**Task to carry out:** Check each line of the entries. Copy the ones that contain the string "Medium".

**Entries provided:**
--- --- ---

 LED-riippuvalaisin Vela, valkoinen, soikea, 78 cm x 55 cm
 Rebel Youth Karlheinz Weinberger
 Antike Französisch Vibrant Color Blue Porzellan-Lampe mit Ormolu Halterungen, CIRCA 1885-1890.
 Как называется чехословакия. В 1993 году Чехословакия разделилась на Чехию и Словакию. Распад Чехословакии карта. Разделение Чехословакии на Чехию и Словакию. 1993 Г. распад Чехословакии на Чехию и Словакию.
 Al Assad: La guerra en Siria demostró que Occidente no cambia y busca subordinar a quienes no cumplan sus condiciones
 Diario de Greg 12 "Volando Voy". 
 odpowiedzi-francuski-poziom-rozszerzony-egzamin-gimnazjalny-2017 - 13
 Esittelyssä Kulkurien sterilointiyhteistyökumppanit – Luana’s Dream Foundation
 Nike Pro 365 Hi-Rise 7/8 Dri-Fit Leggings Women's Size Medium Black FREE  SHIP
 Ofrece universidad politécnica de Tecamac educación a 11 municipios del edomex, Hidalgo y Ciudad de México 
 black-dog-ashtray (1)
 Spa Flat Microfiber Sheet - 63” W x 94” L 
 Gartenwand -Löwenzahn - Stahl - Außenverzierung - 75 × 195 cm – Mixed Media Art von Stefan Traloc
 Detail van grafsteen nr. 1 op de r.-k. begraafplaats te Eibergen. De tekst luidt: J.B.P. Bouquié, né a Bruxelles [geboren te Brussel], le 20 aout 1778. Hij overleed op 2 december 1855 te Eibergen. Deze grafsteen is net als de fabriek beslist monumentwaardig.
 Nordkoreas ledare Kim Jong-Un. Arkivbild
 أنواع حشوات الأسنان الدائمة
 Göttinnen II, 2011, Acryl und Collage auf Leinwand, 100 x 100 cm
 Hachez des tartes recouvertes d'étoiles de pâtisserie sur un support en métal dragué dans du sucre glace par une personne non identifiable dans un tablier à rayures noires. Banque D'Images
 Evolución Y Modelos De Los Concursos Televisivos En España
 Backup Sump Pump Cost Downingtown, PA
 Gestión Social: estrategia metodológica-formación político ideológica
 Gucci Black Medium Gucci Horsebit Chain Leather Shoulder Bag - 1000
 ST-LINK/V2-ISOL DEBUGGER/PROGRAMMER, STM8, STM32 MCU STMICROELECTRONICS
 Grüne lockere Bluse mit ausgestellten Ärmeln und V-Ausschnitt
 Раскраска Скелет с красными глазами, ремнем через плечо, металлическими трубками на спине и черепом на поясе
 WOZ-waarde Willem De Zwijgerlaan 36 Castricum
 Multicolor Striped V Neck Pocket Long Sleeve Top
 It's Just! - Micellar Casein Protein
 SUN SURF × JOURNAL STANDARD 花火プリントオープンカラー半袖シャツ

--- --- ---

**Your response:**
 Nike Pro 365 Hi-Rise 7/8 Dri-Fit Leggings Women's Size Medium Black FREE  SHIP
 Gucci Black Medium Gucci Horsebit Chain Leather Shoulder Bag - 1000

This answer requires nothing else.